Tradição em negócio Como em muitas regiões de periferia nos centros urbanos, a comunidade do Gramorezinho, na Zona Norte de Natal, é mais conhecida aos olhos de fora pela violência do que por sua tradição e história. Poucos sabem, mas é das centenas de hortas cultivadas na região que sai a maioria das hortaliças consumidas diariamente pelos natalenses. “É uma tradição passada por gerações na comunidade”, afirma Didi, apelido pelo qual é mais conhecido o agricultor José Vieira, 46 anos.
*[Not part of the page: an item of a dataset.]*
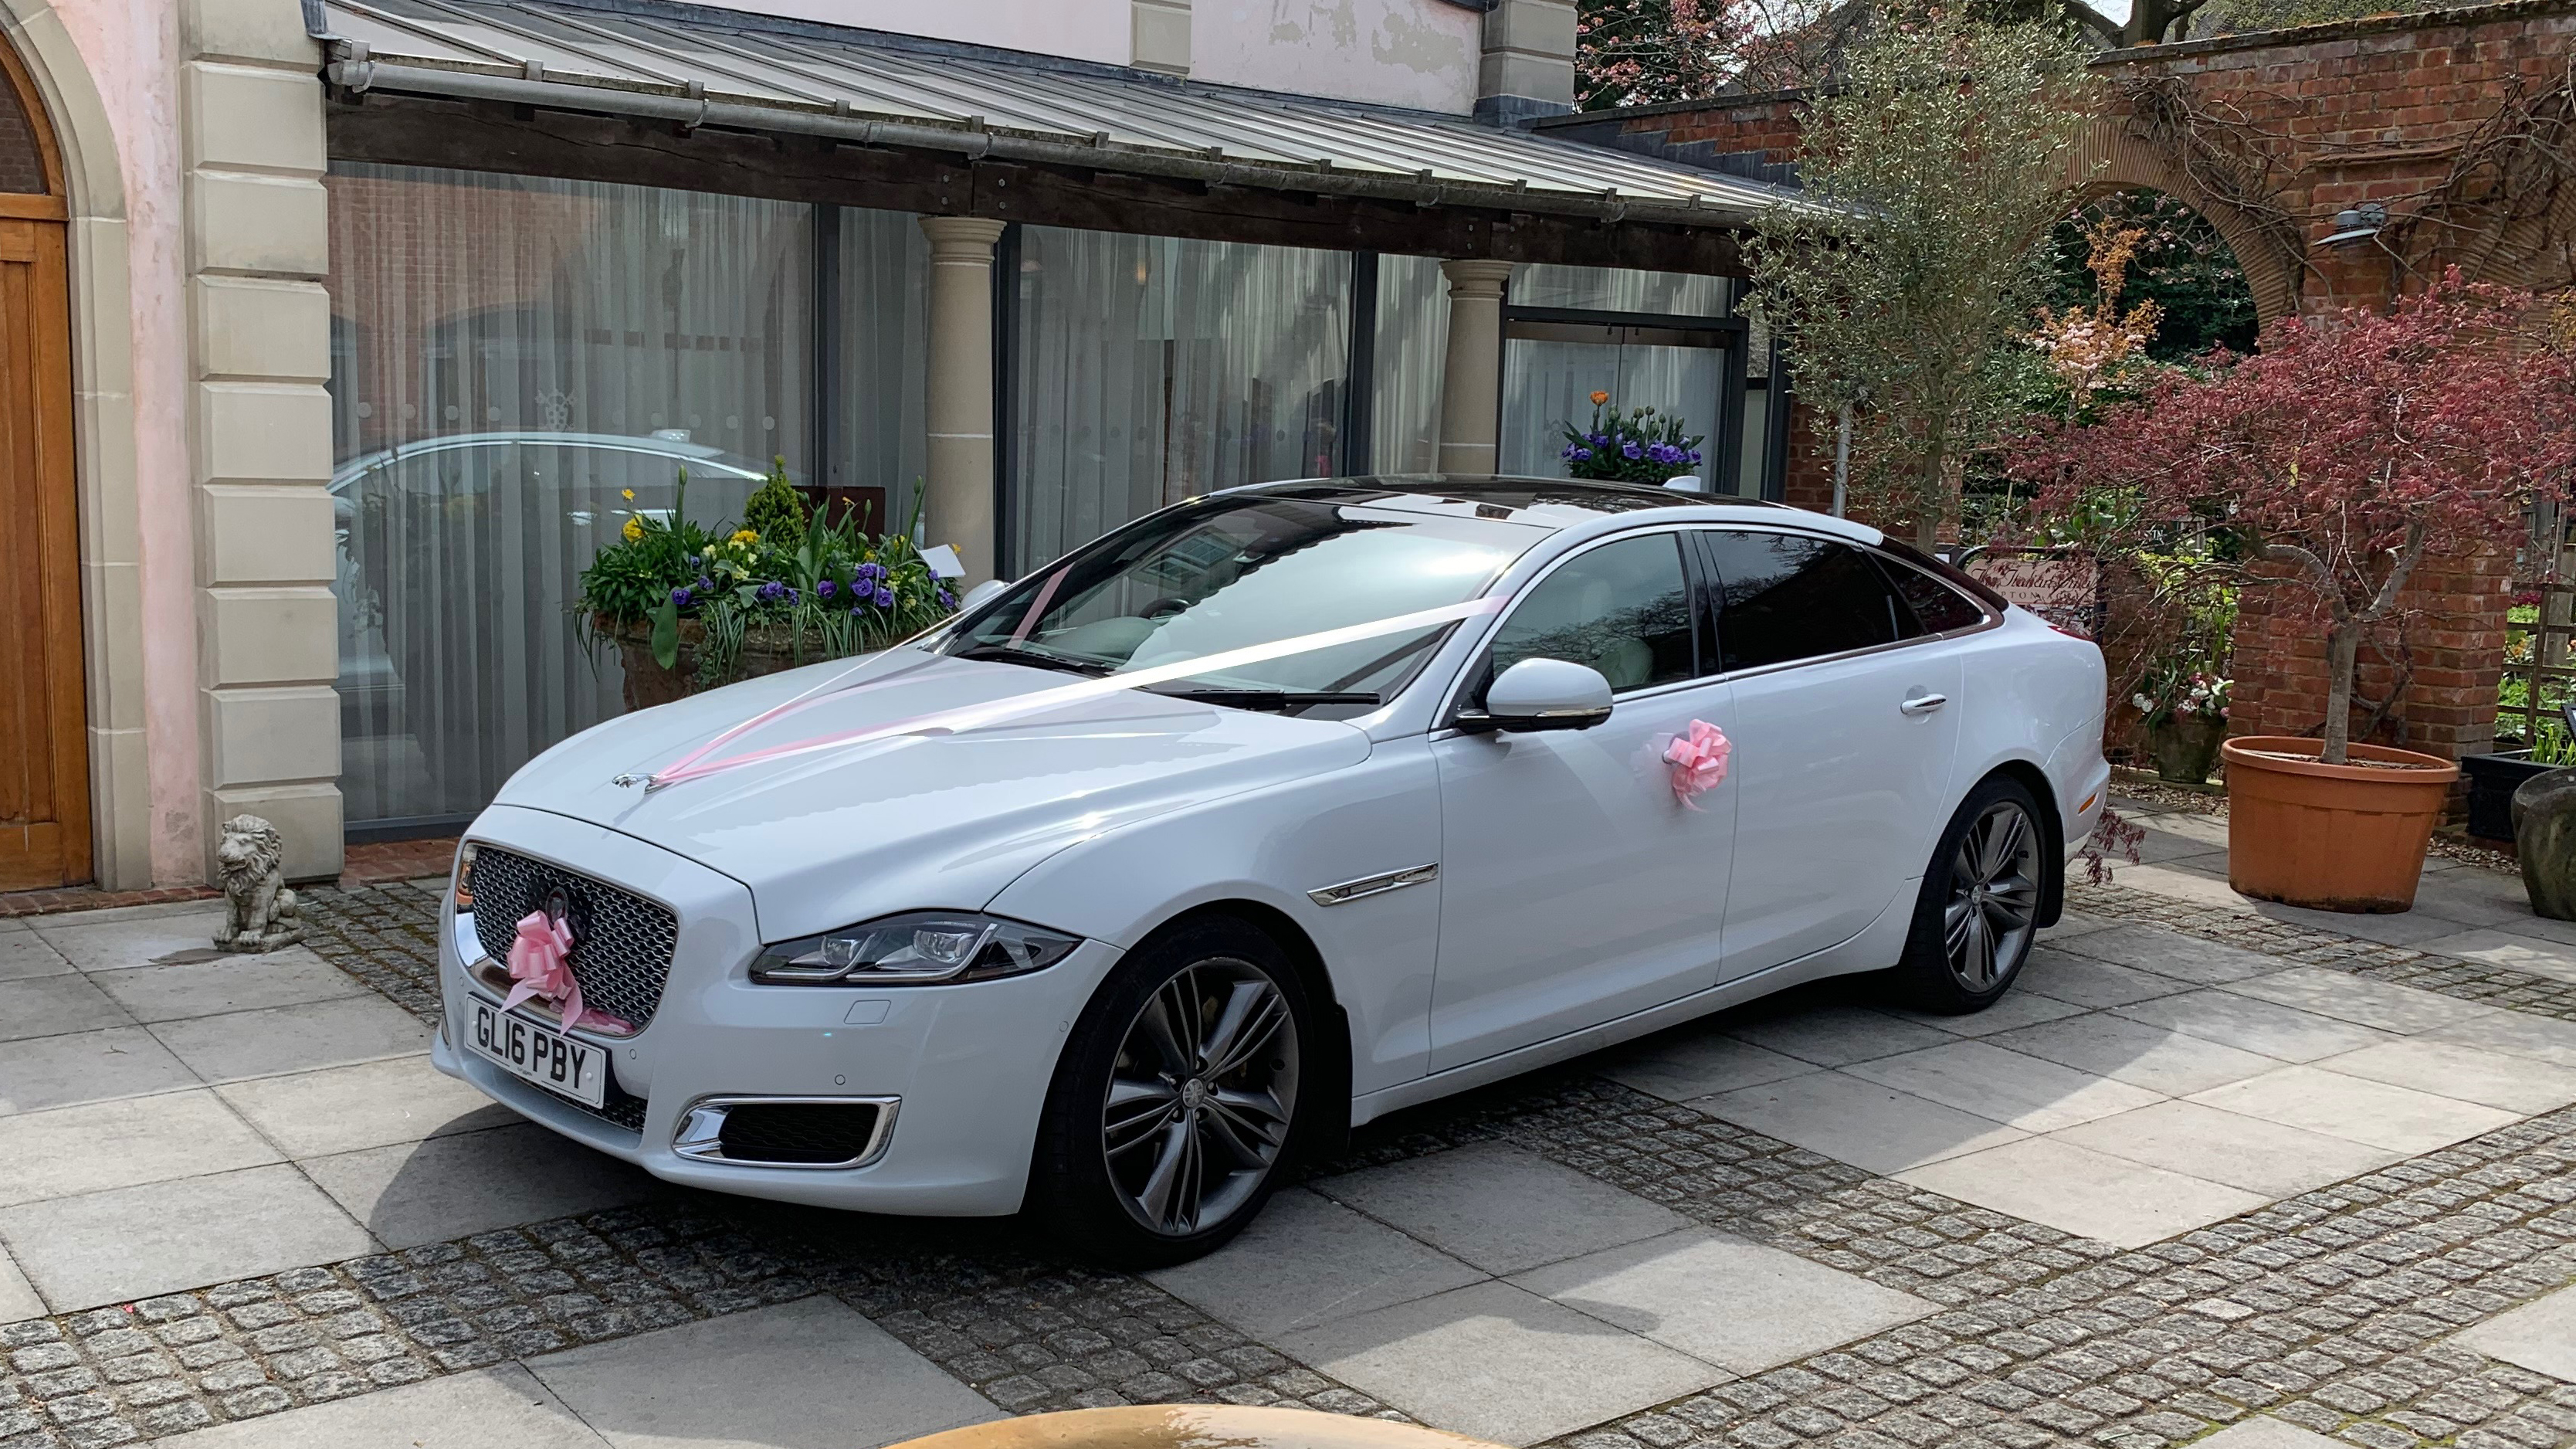 Dorset based White Jaguar XJ decorated with pale pink ribbons and bows.

Didi é componente de uma das 120 famílias que estão sendo capacitadas para produzir hortaliças orgânicas. O projeto foi iniciado com a assinatura de um contrato no último dia 5 de junho com a Petrobras, que contribuirá com um patrocínio de mais de R$ 1 milhão. O Ministério Público, Sebrae e Emater são outros parceiros. “Ganham os agricultores e o mercado, que receberá um produto de mais qualidade”, ressalta Jarian Gomes, presidente da Associação de Amigos e Moradores do Sítio Gramoré e Adjacências (Amigs).
Estima-se que 514 pessoas sejam beneficiadas no projeto. Atualmente os produtores vendem suas hortaliças a atravessadores, que lucram cerca de 80% na revenda. Jarian Gomes conta que um “mói” – cerca de dois pés – de coentro chega a ser vendido por R$ 0,15 a terceiros. Isso quando a produção não se perde, como explica Didi. “É tanta produção que às vezes jogamos no mato”, revela o agricultor. Quando o processo de transformação das hortas for concluído, a expectativa é que a comunidade possa vender os produtos orgânicos diretamente para o mercado.
Por ser margeada por algumas lagoas, a comunidade Gramorezinho tem um alto potencial para o cultivo. No projeto os produtores foram cadastrados e as áreas produtivas mapeadas. Em breve deve ser iniciada a fase de capacitação técnica e gerencial dos agricultores. A transição do modelo convencional para o orgânico ocorrerá em etapas, voltando inicialmente 20% da produção para as hortas orgânicas.
Arroz vermelho No último dia 7 de junho a certificação orgânica chegou ao setor de fruticultura. Um grupo de pequenos produtores de goiaba e acerola da comunidade Frutuoso, no município de Serra Negra do Norte, na região Seridó, leva o selo do IBD em seus produtos. A fruticultura orgânica veio em um projeto desenvolvido pelo Sebrae para substituir o cultivo do feijão verde no vale do rio Espinhara, em Serra Negra do Norte. Foram contempladas dez famílias, que receberam consultoria tecnológica para implantação de práticas de manejo orgânico.
O engenheiro agrônomo e consultor técnico da Cooperativa de Serviços Técnicos do Agronegócio (Coopagro), José Flávio Brito, conta que foi identificado um uso indiscriminado de agrotóxico na região. Com orientação, os produtores adquiriram uma nova mentalidade, e em 2010 foi dado entrada no processo de certificação do IBD, com o selo sendo adquirido no fim do ano passado.
Do Vale do Apodi vem outro grupo de produtores certificados. Agricultores do assentamento Lagoa do Saco, na zona rural de Felipe Guerra, enxergam um futuro promissor com o cultivo de arroz vermelho orgânico. As elevadas qualidade e produtividade das variedades de arroz (MNA 901 e MNA 902) plantadas, além da perda reduzida, são alguns dos benefícios encontrados na região.
De acordo com dados do projeto, as novas variedades apresentam perda média de apenas 30%, enquanto as demais variedades cultivadas originam perda superior a 40%.